Many homebound older adults canceled medically necessary home-based health care services out of fear of getting COVID-19, research finds.

This avoidance caused new or worsening medical conditions for a number of patients, and home-based health care providers reported feeling that they lacked sufficient information and training to advise patients through the process of deciding whether or not to continue care.

“One home health care agency representative said their agency’s patient load decreased by 38% as a result of patients canceling services,” says study first author Jennifer Inloes, a doctor of nursing practice student at the University of Michigan School of Nursing. “It really highlighted the level of fear among patients receiving home-based health care services at the early part of the pandemic.”

Both family members and patients canceled services, and the large number of cancellations surprised Inloes.

“I understood why patients might cancel in-person visits or elective surgeries because there are so many potential points of infection associated with office or hospital-based care,” she says. “I wasn’t prepared to hear about so many patients declining home-based health care services, since home-based health care is a much more controlled interaction with fewer potential points of infection.”

Disease management continues to shift toward a home health care model, but there’s not much literature on how public health emergencies affect continuity of home health care. To learn more, researchers interviewed 27 Medicare-certified home health providers in eight US counties to better understand older adults‘ decision making around home-based care service during COVID-19.

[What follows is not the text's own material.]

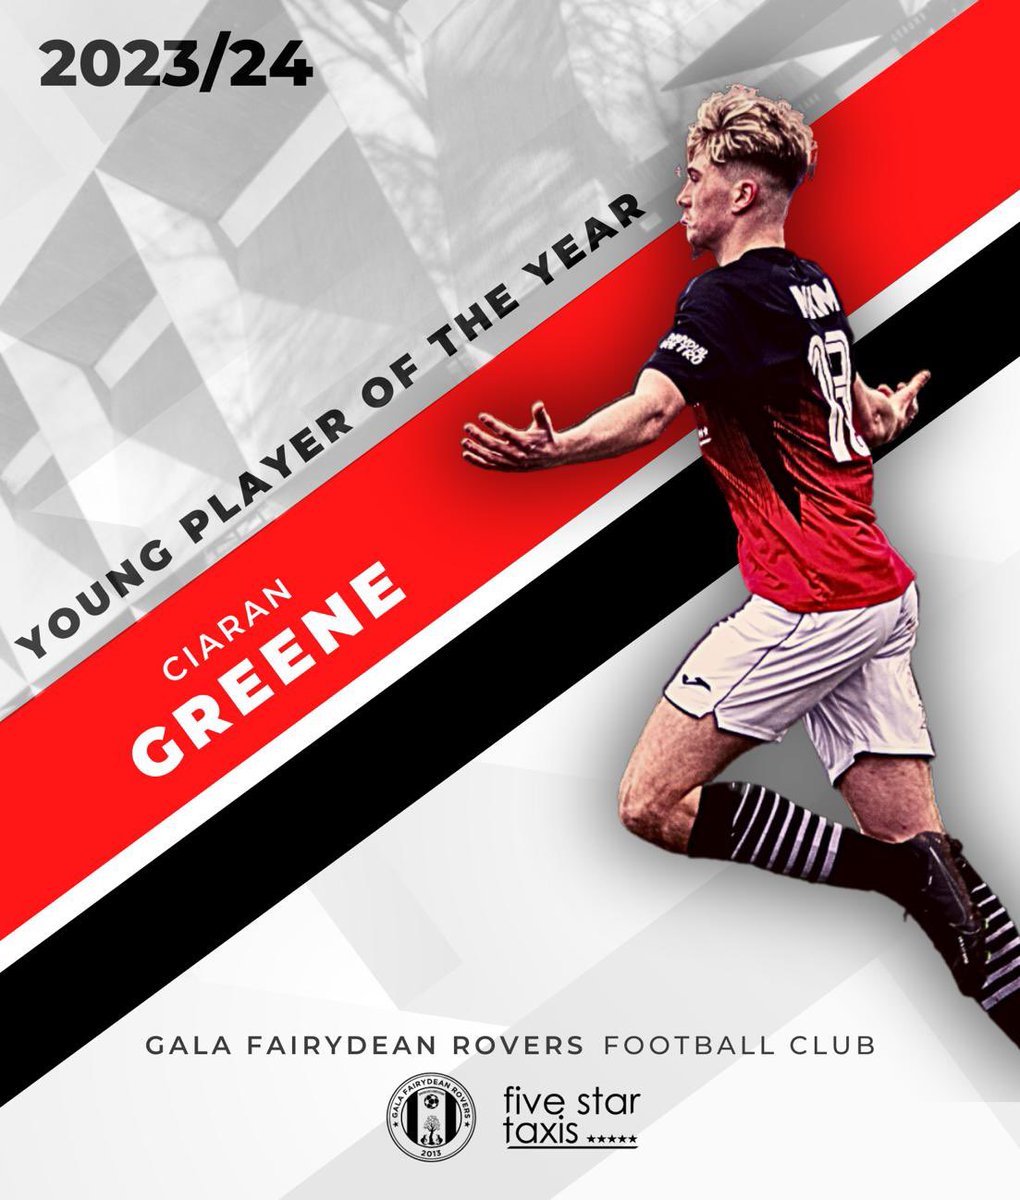 🏆 Gala Fairydean Rovers Lowland League Young Player Of The Year 😊 Ciaran Greene ❤️⚫️

The findings emphasize the large role emotion plays in medical decision-making, and challenge the assumption that given enough accurate educational information, patients make rational decisions in their best interests. Inloes says her research highlights the importance of carefully weighing the well-known benefits of home-based health care services with the potential negative consequences of canceling services.

“For example, home-based health care providers are trained in infection control precautions, so the risk of becoming infected with COVID-19 from a provider coming into the home is fairly small,” she says. “However, a patient experiencing a preventable refusal-related complication that requires emergency department treatment has now inadvertently increased their risk of COVID-19 exposure due to the larger number of providers, patients, and family members in the emergency department vs. the home setting.”